Given information:
----

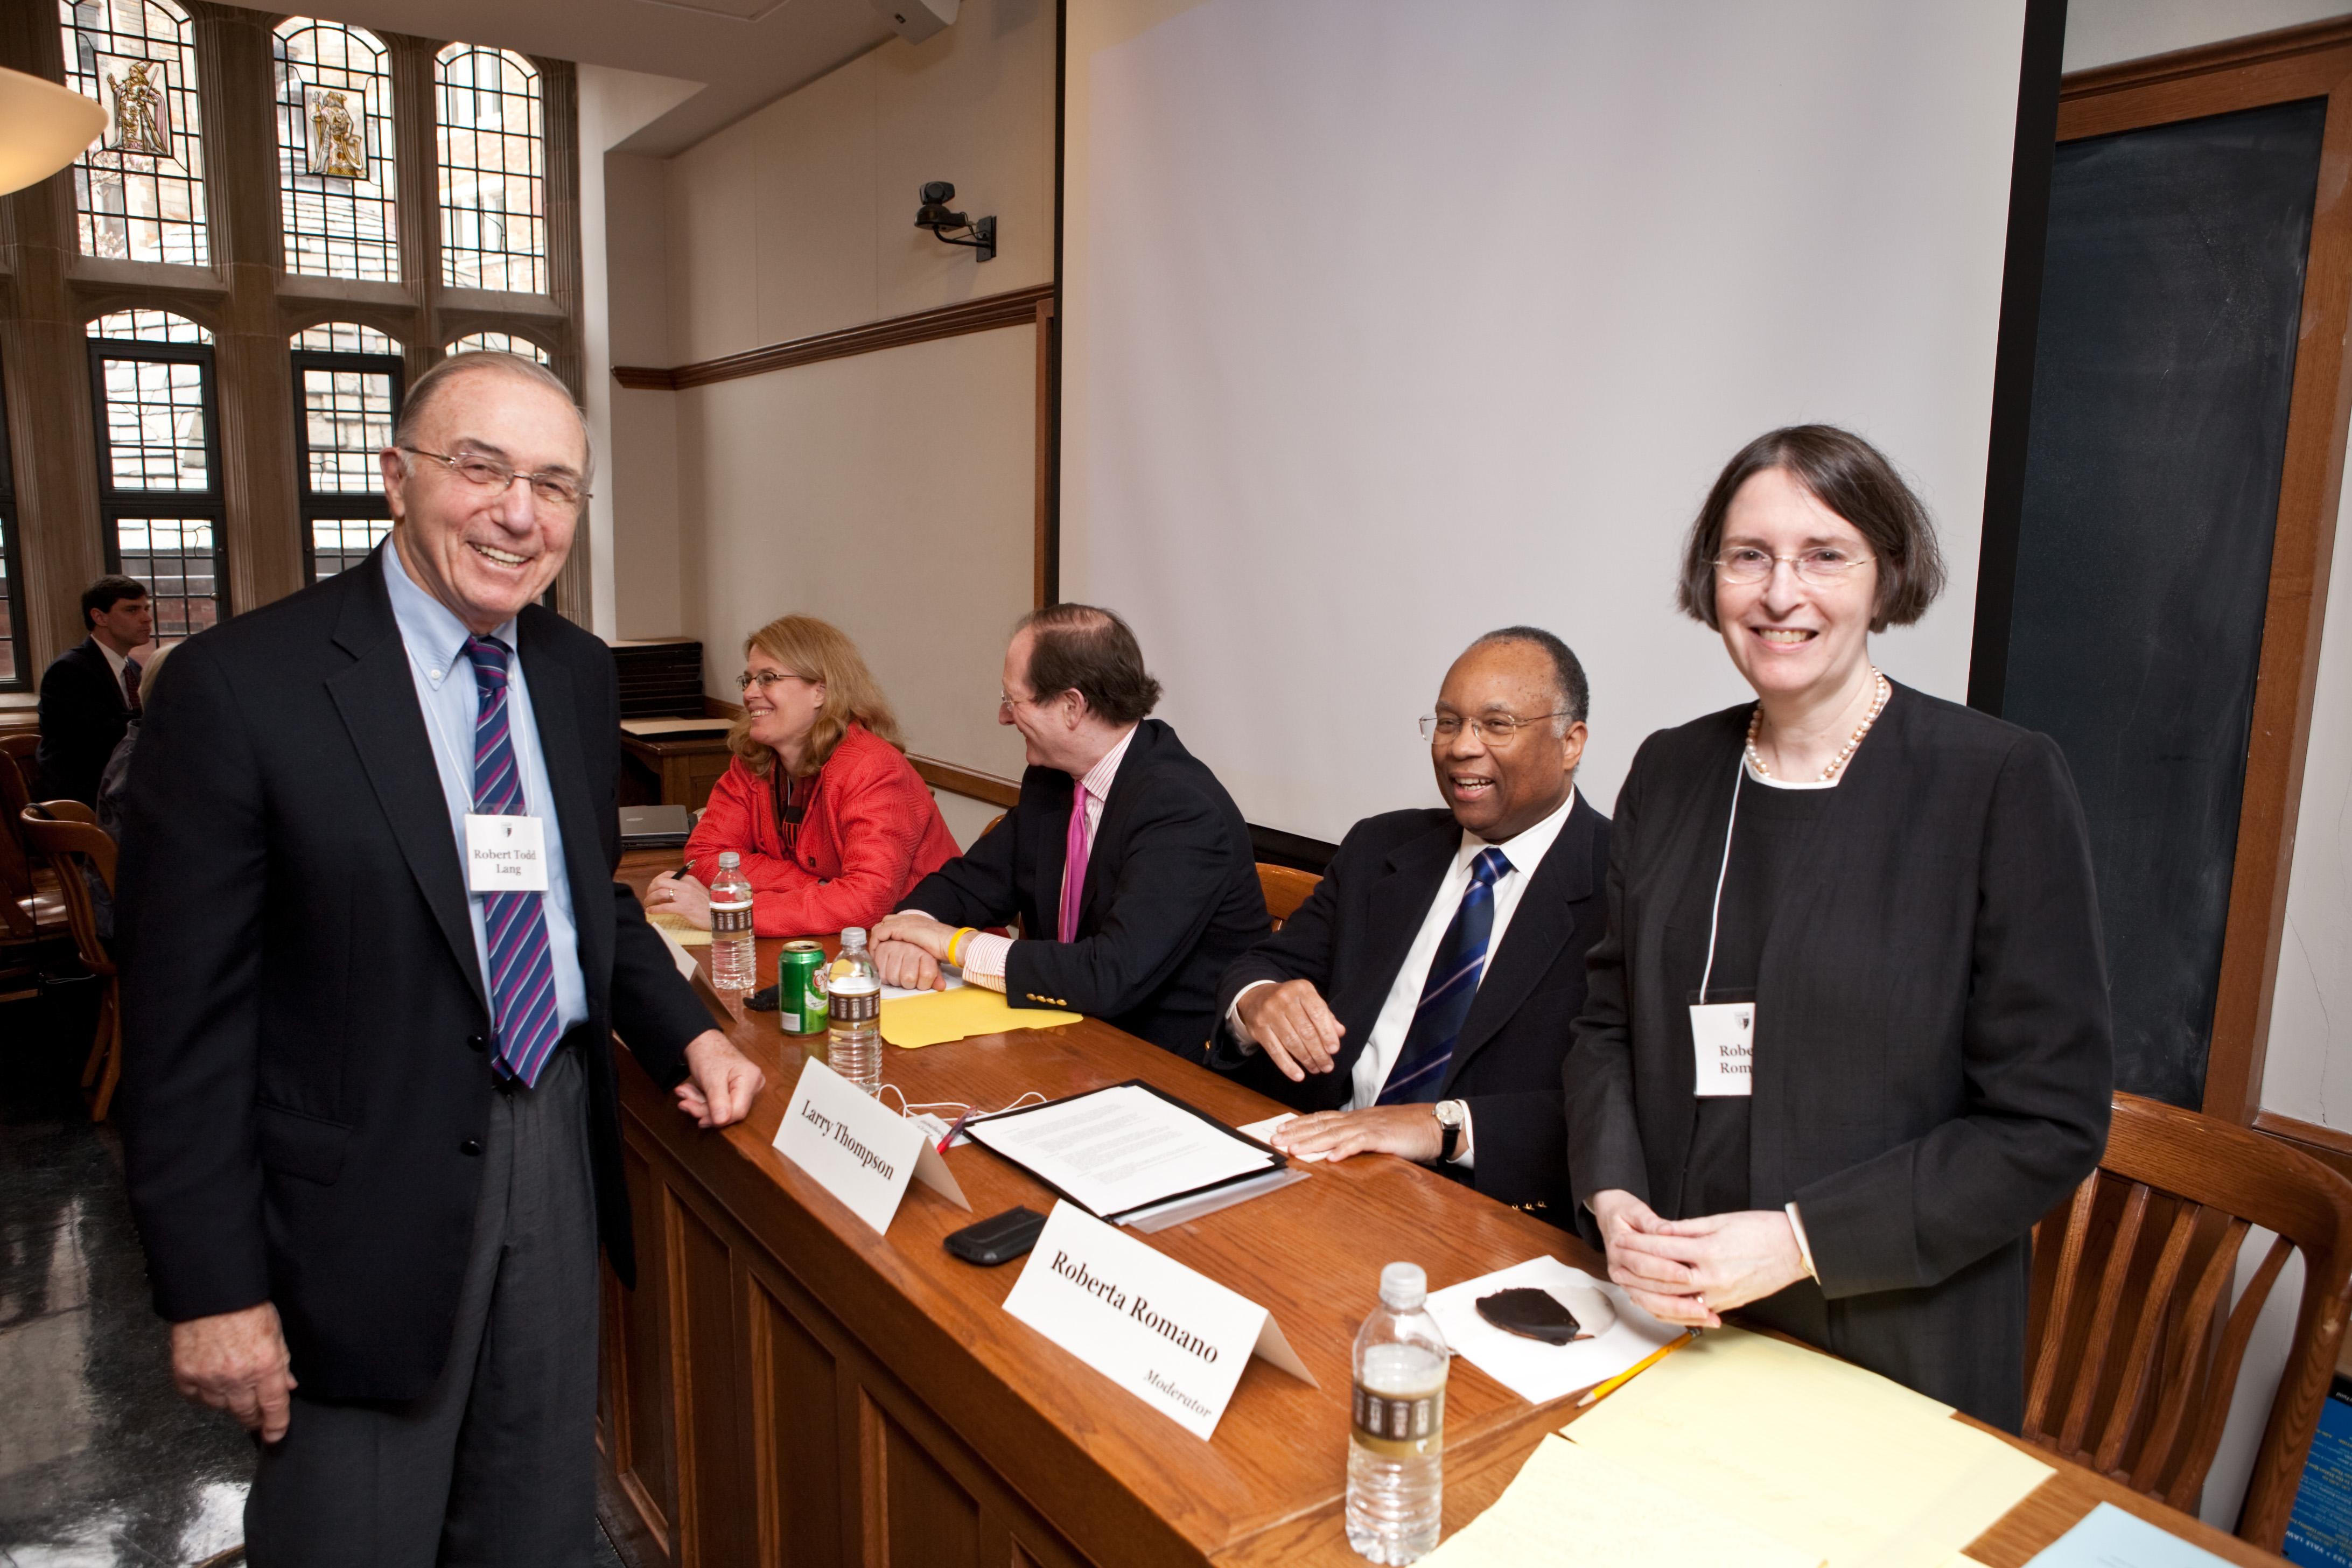 Robert Todd Lang '47, NYU Law Prof. Jennifer Arlen, Ben Heineman '71, Larry Thompson, and YLS Prof. and Center Dir. Roberta Romano '80
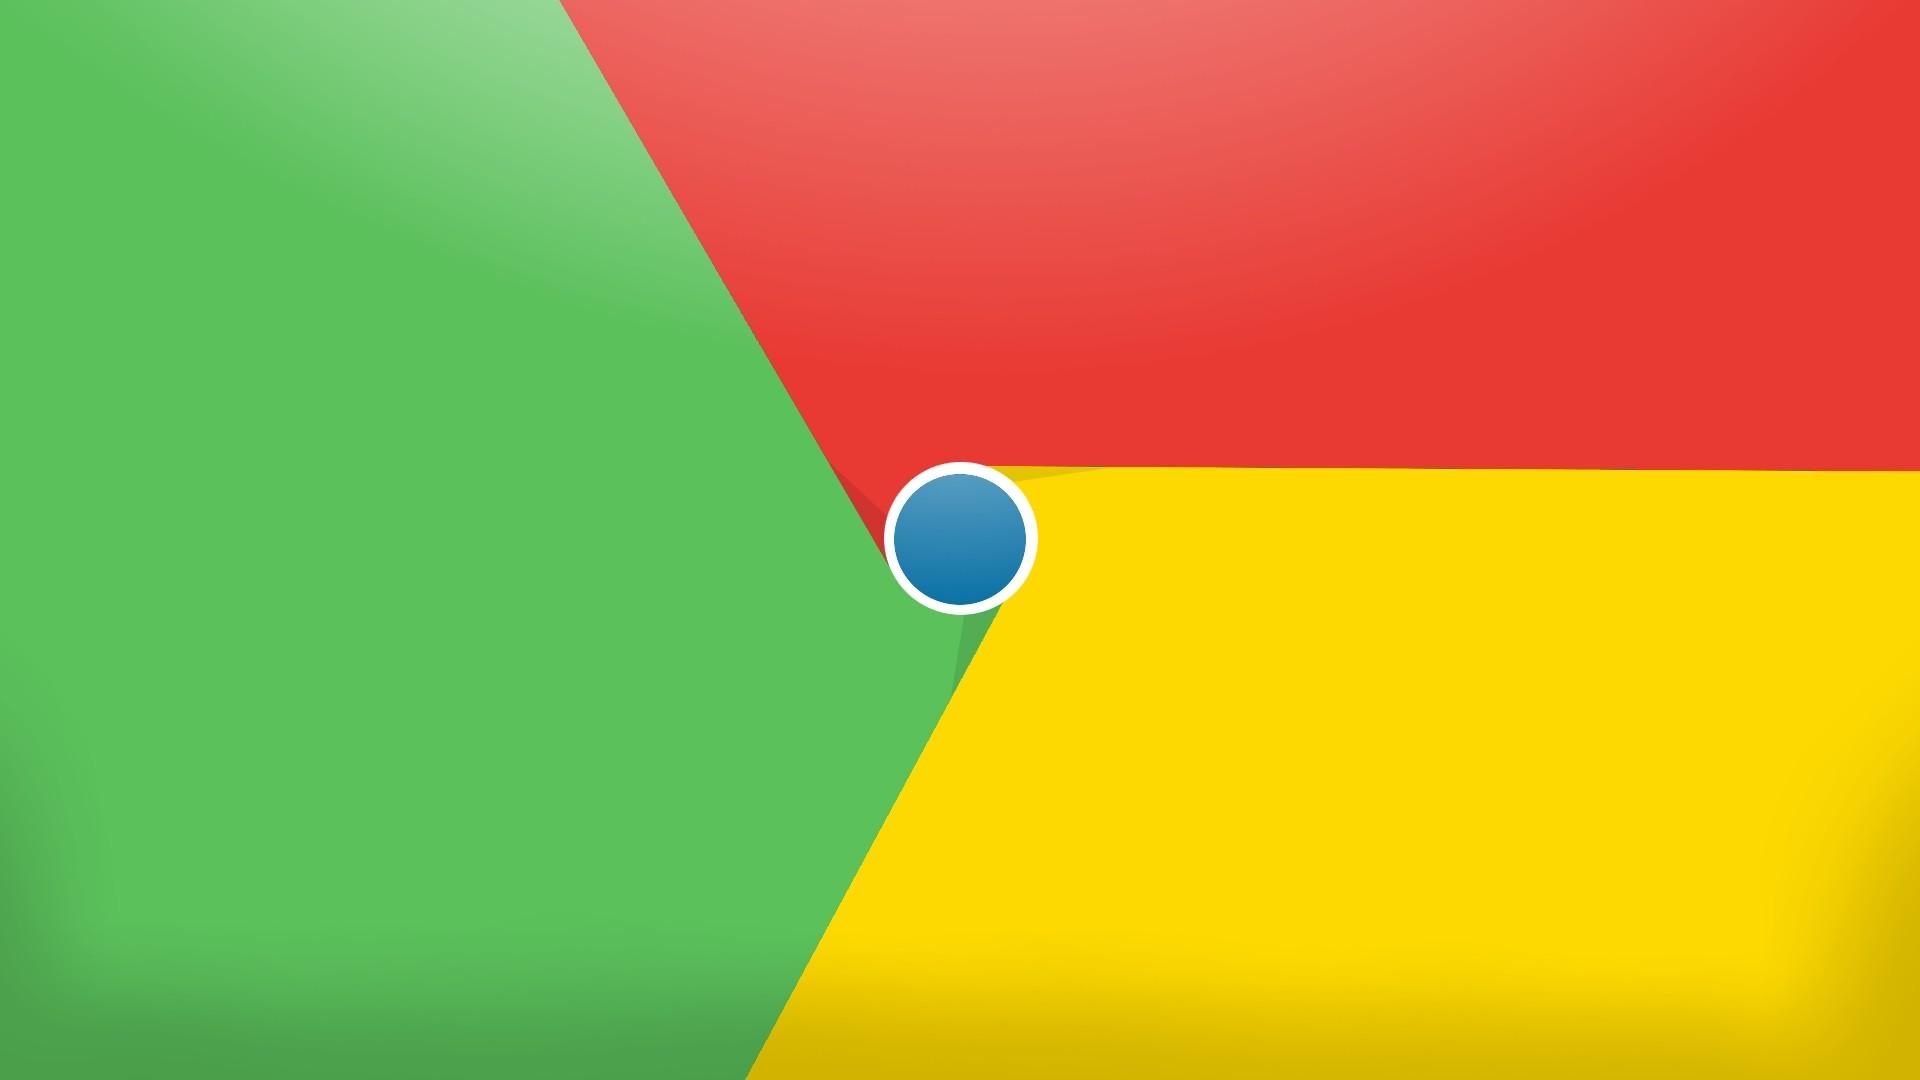 Chrome Download Wallpaper
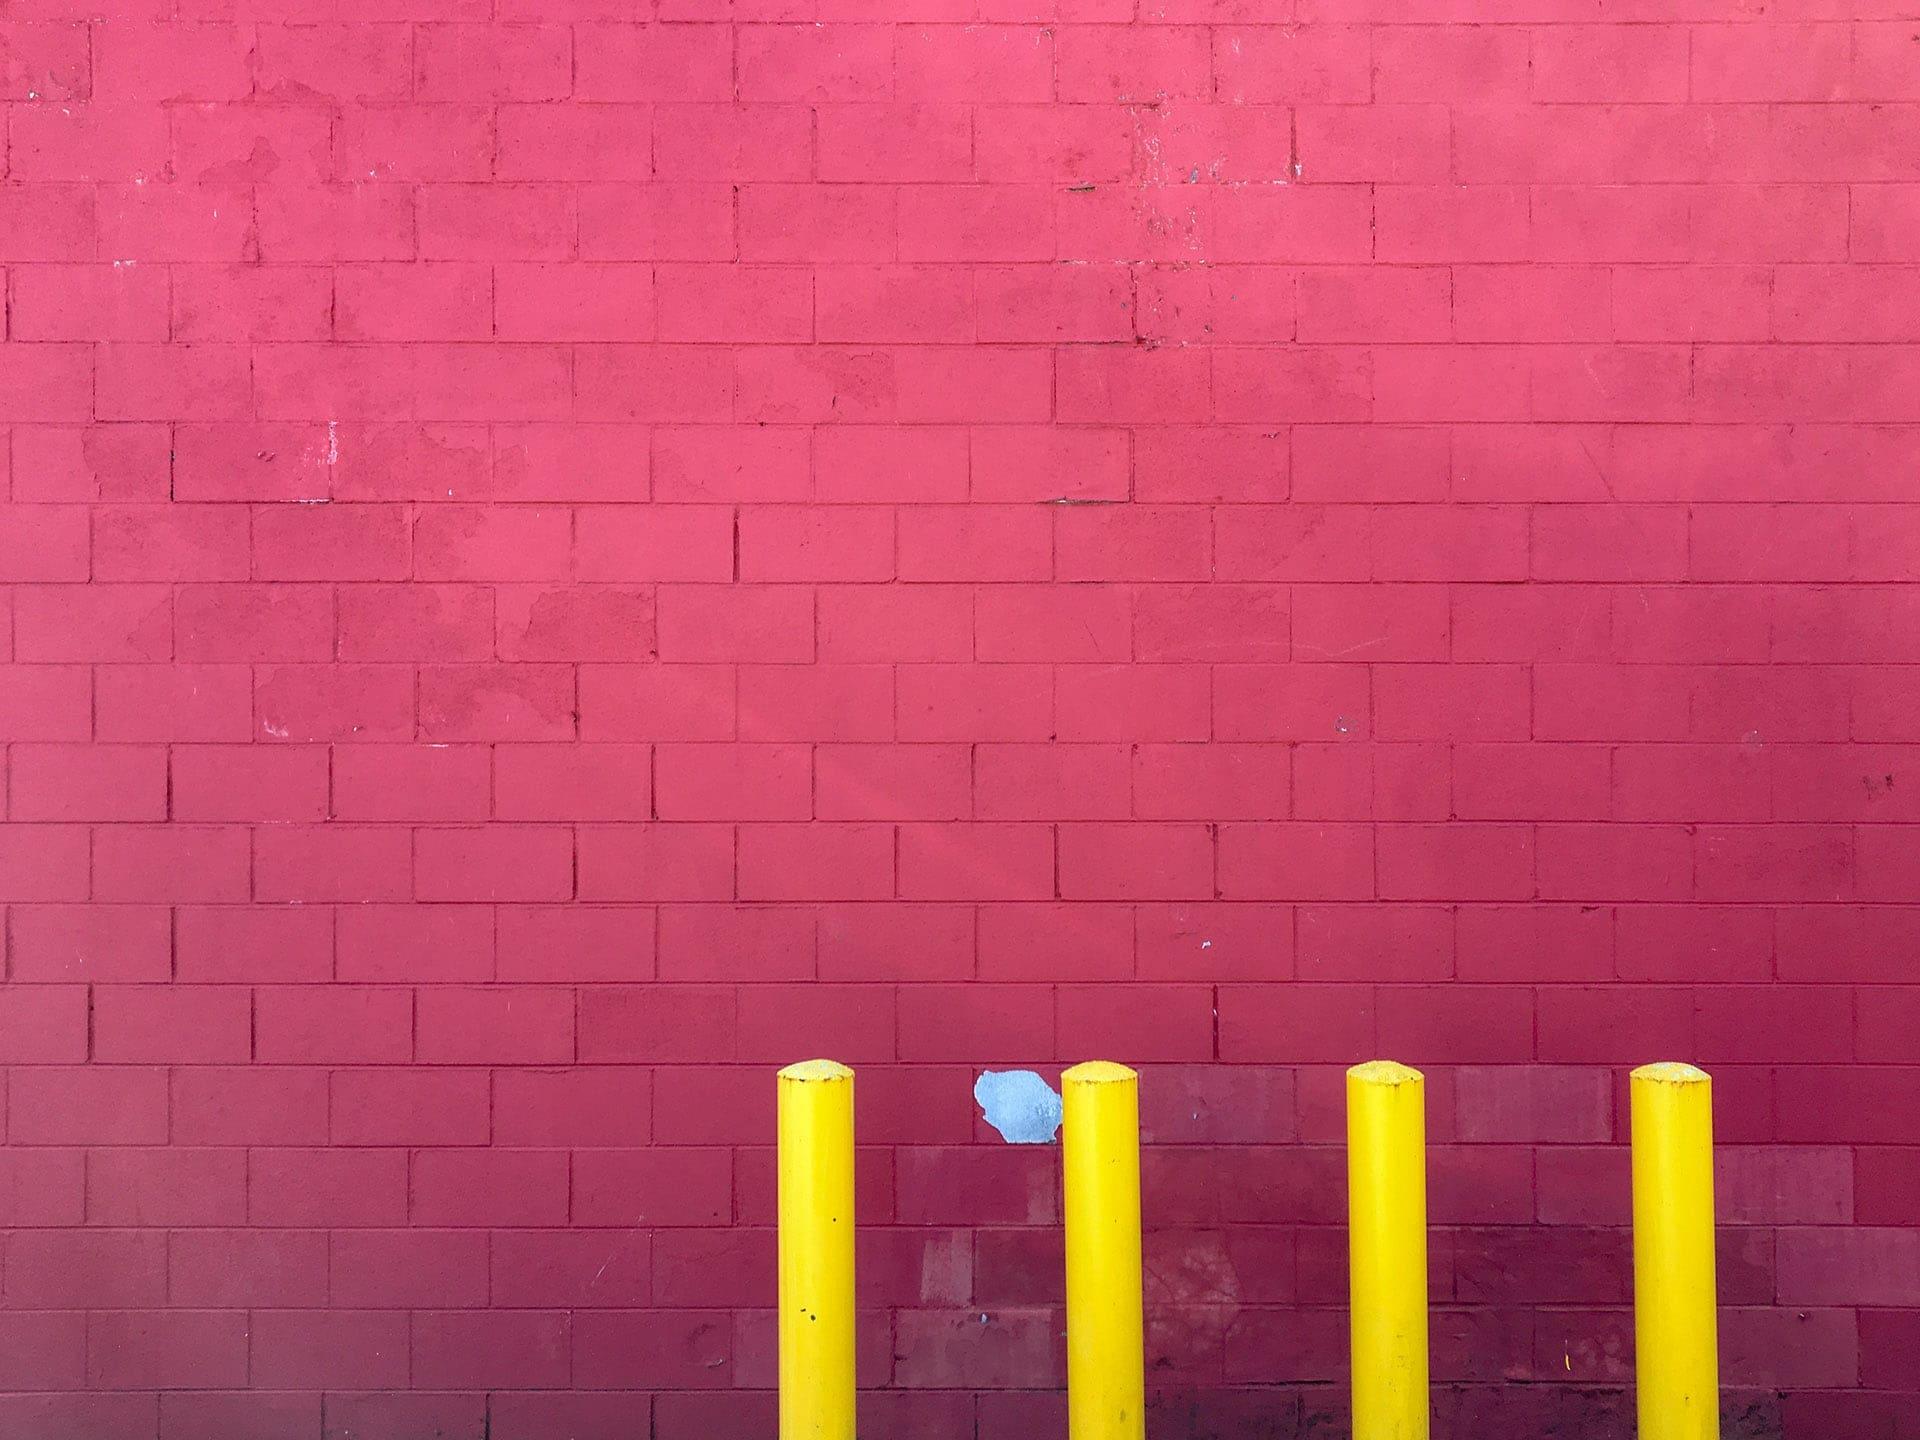 artnorama - Wall four Pillars

----

Task goal: Take the material above and set it down exactly, minus the images.

Output for this exercise:
 Robert Todd Lang '47, NYU Law Prof. Jennifer Arlen, Ben Heineman '71, Larry Thompson, and YLS Prof. and Center Dir. Roberta Romano '80
 Chrome Download Wallpaper
 artnorama - Wall four Pillars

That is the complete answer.